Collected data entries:
⁂

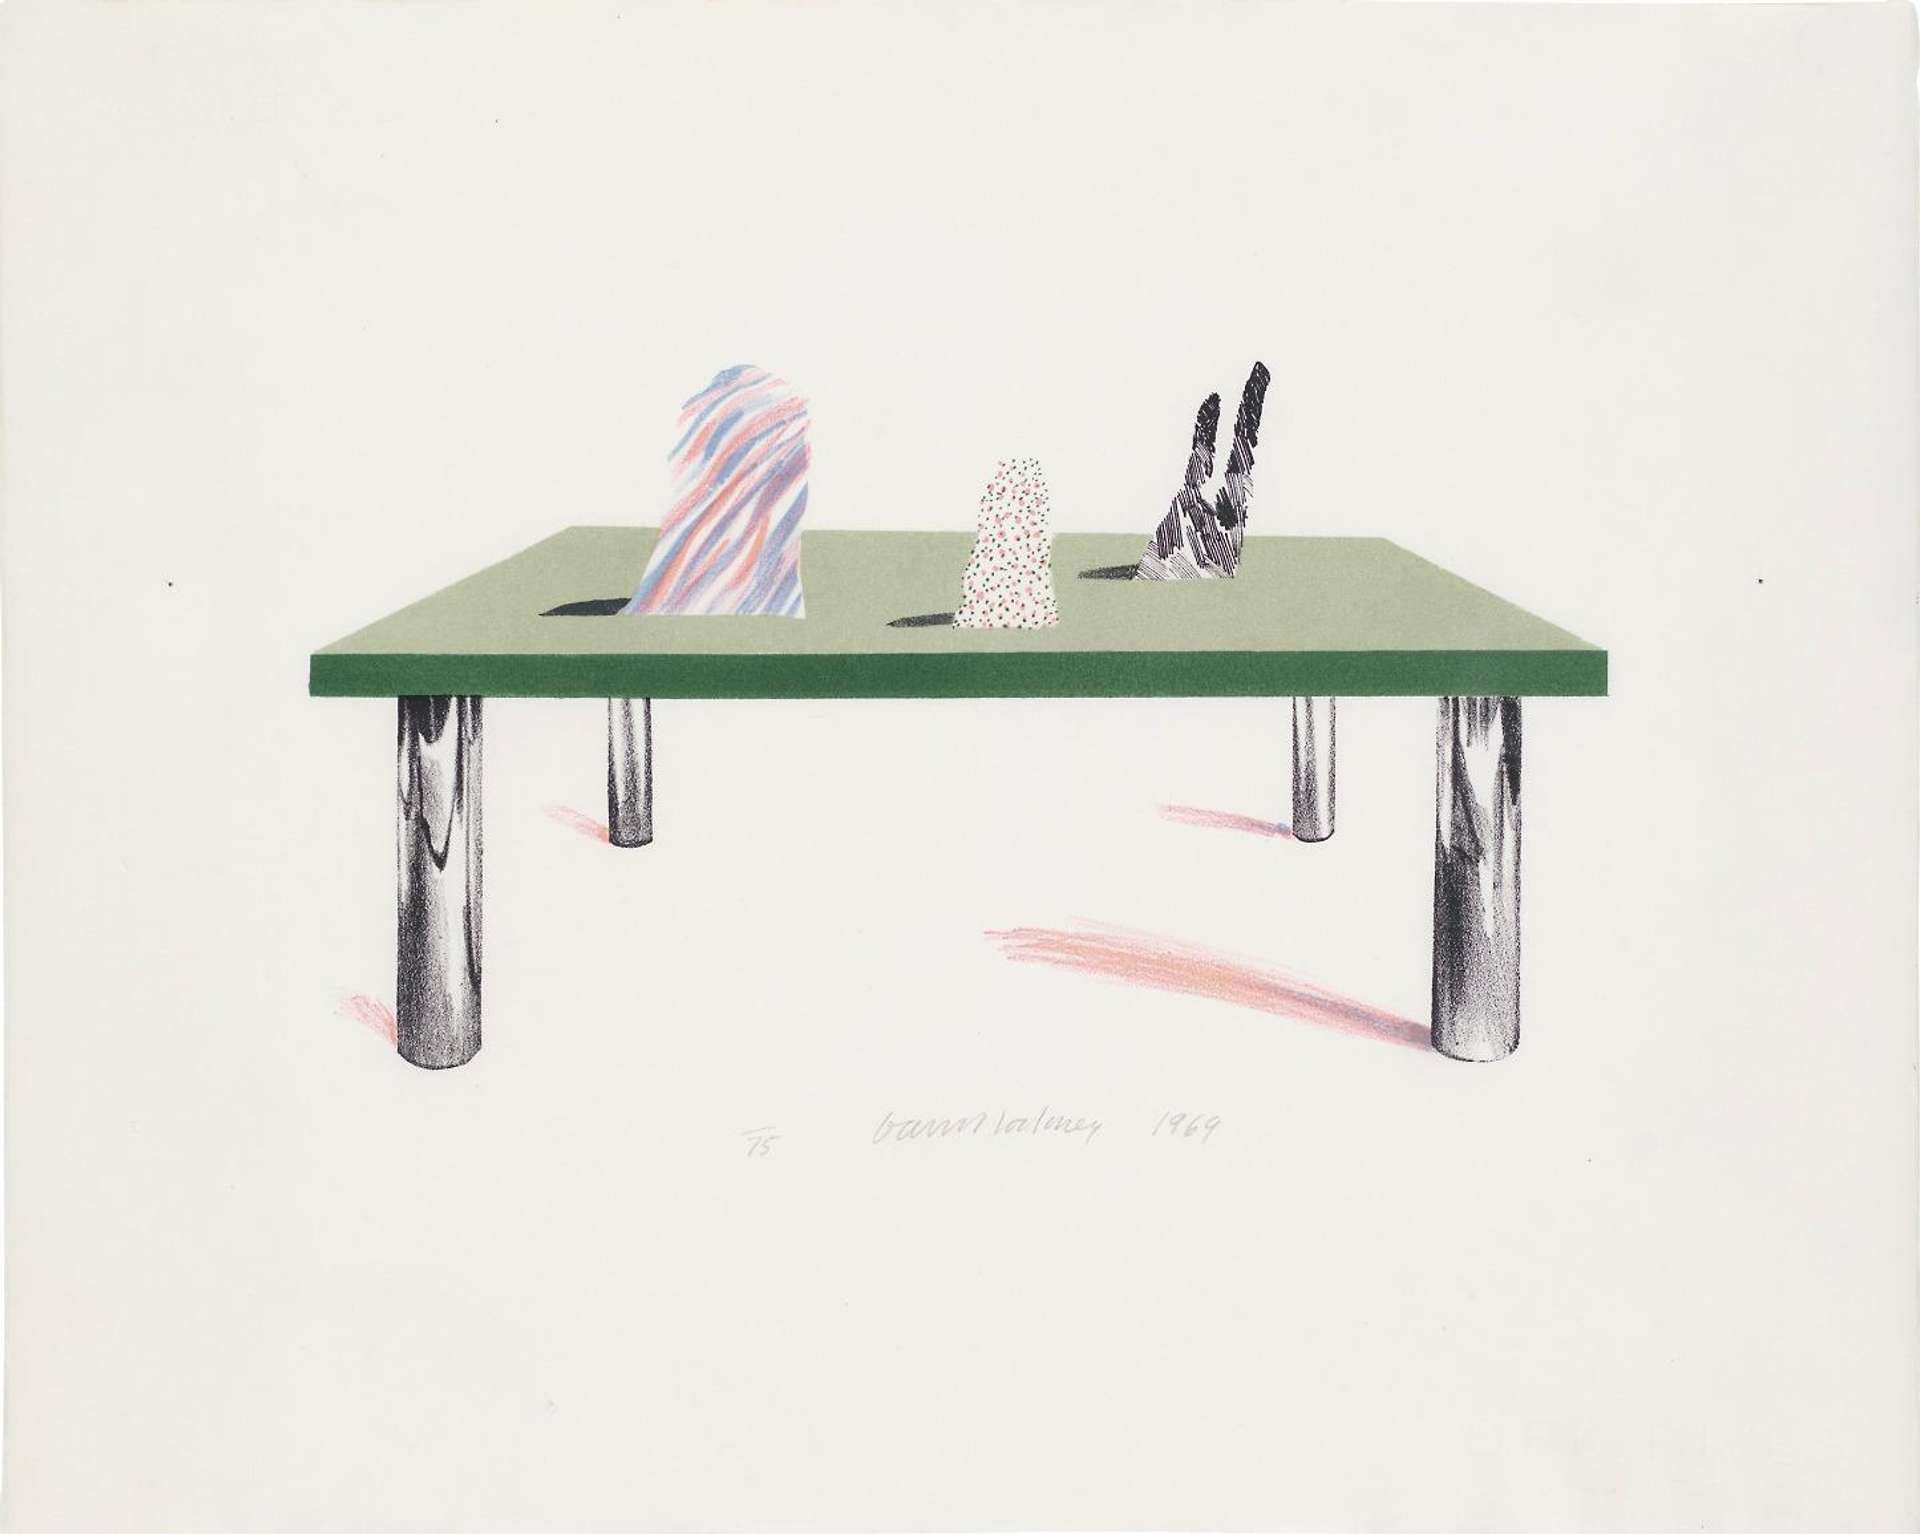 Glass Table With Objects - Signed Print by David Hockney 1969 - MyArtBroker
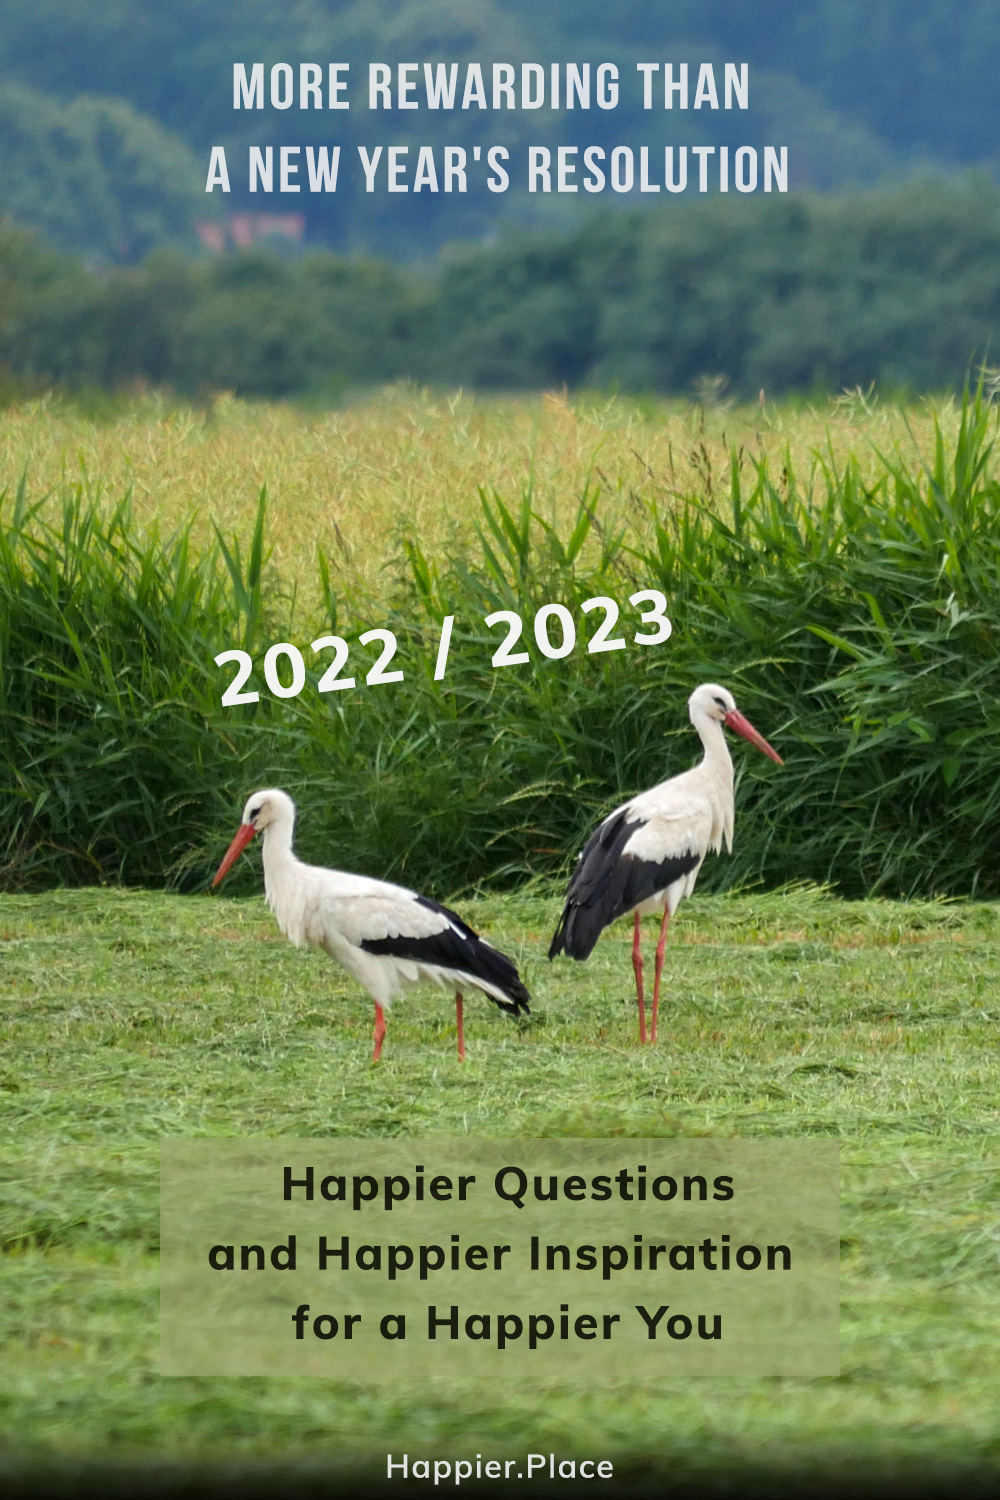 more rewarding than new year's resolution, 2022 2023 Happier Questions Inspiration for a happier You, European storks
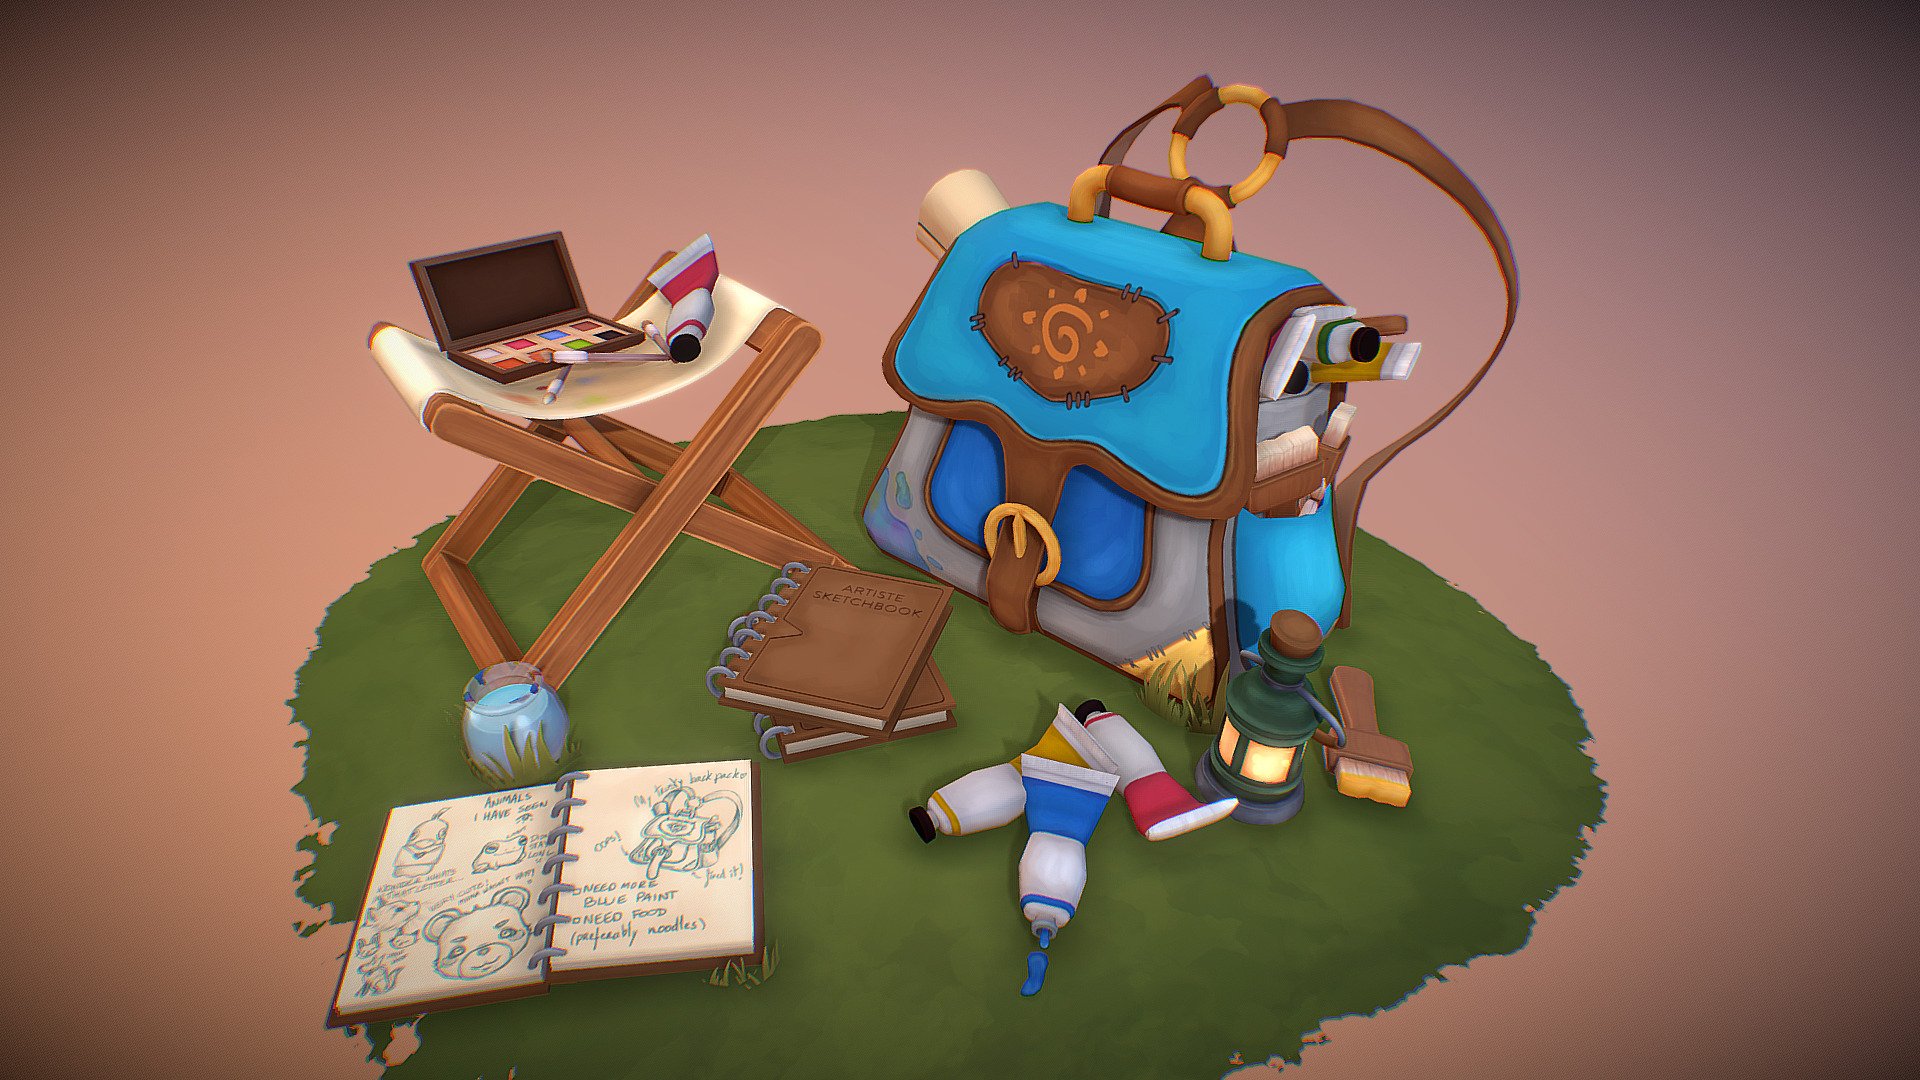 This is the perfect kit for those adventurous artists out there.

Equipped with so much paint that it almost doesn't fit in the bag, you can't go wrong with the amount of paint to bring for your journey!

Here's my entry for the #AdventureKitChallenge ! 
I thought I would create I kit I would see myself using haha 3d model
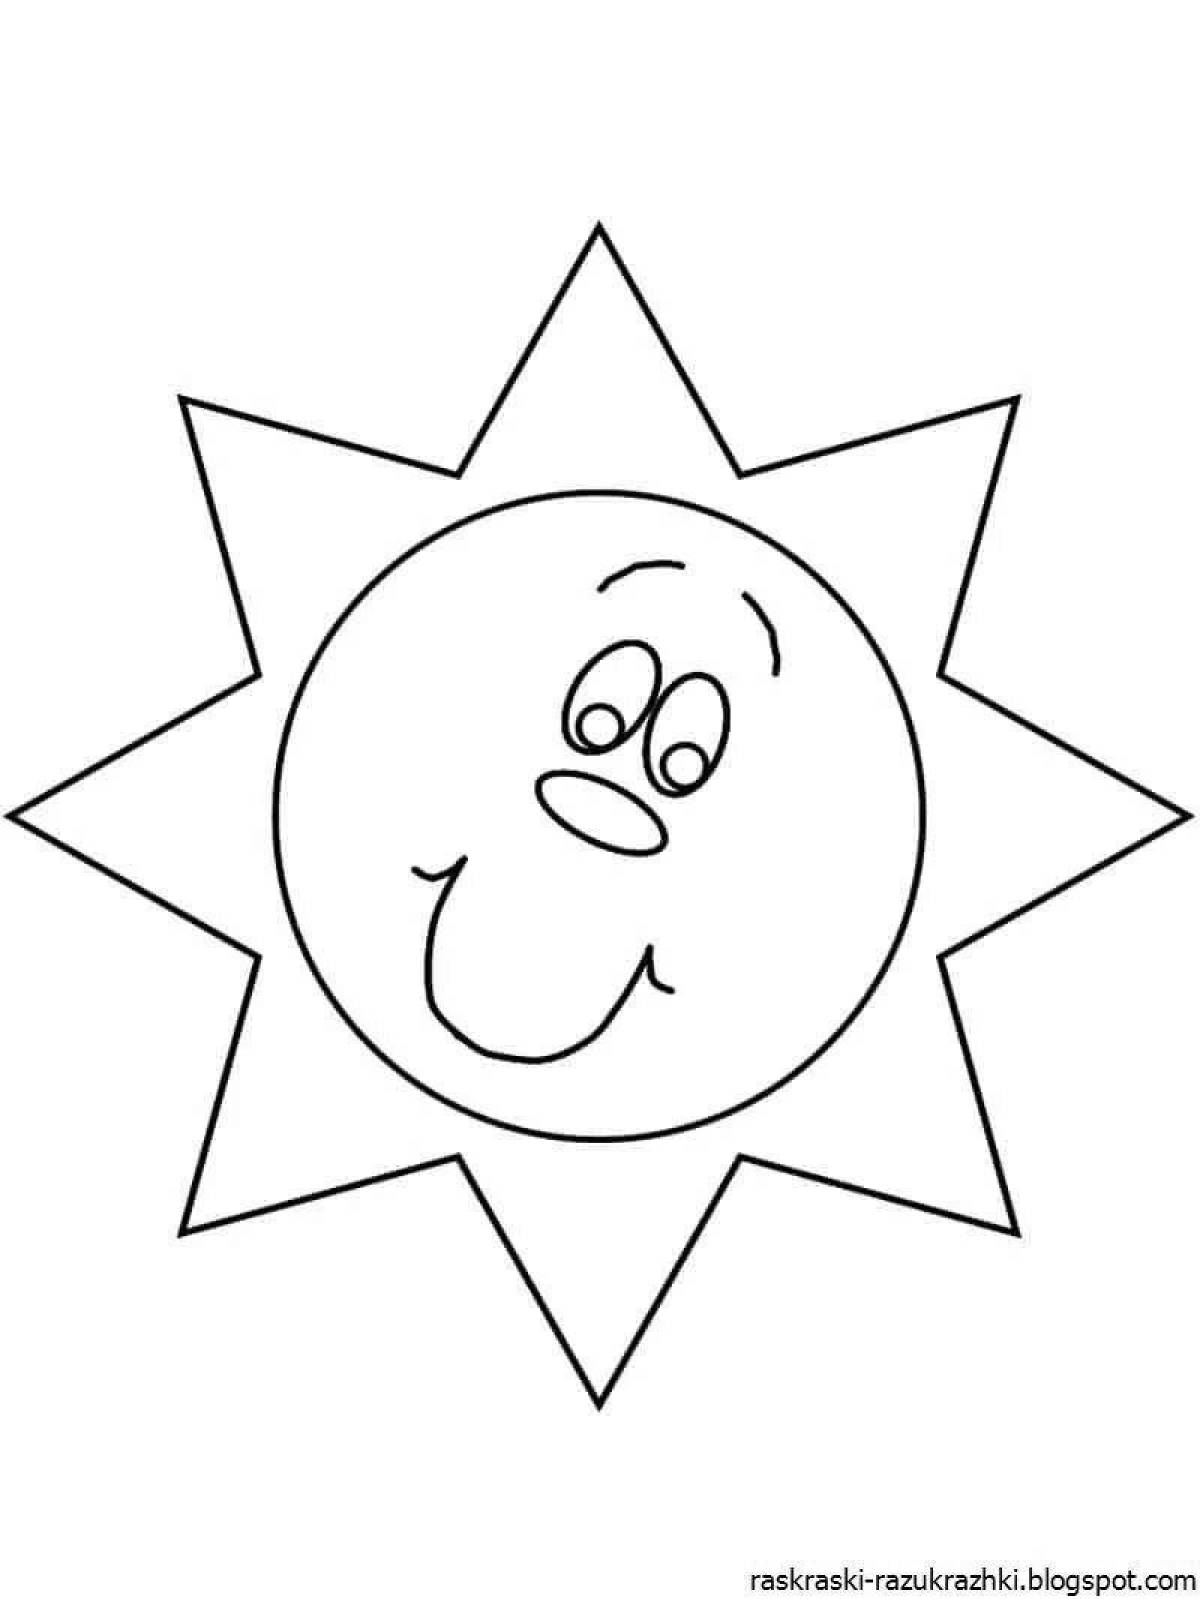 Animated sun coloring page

⁂

What you are asked to do
Give again, word for word, only the lines that run from the top of the data above through the line with "Here's my entry". Drop the pictures.

Result of this exercise
 Glass Table With Objects - Signed Print by David Hockney 1969 - MyArtBroker
 more rewarding than new year's resolution, 2022 2023 Happier Questions Inspiration for a happier You, European storks
 This is the perfect kit for those adventurous artists out there.

Equipped with so much paint that it almost doesn't fit in the bag, you can't go wrong with the amount of paint to bring for your journey!

Here's my entry for the #AdventureKitChallenge ! 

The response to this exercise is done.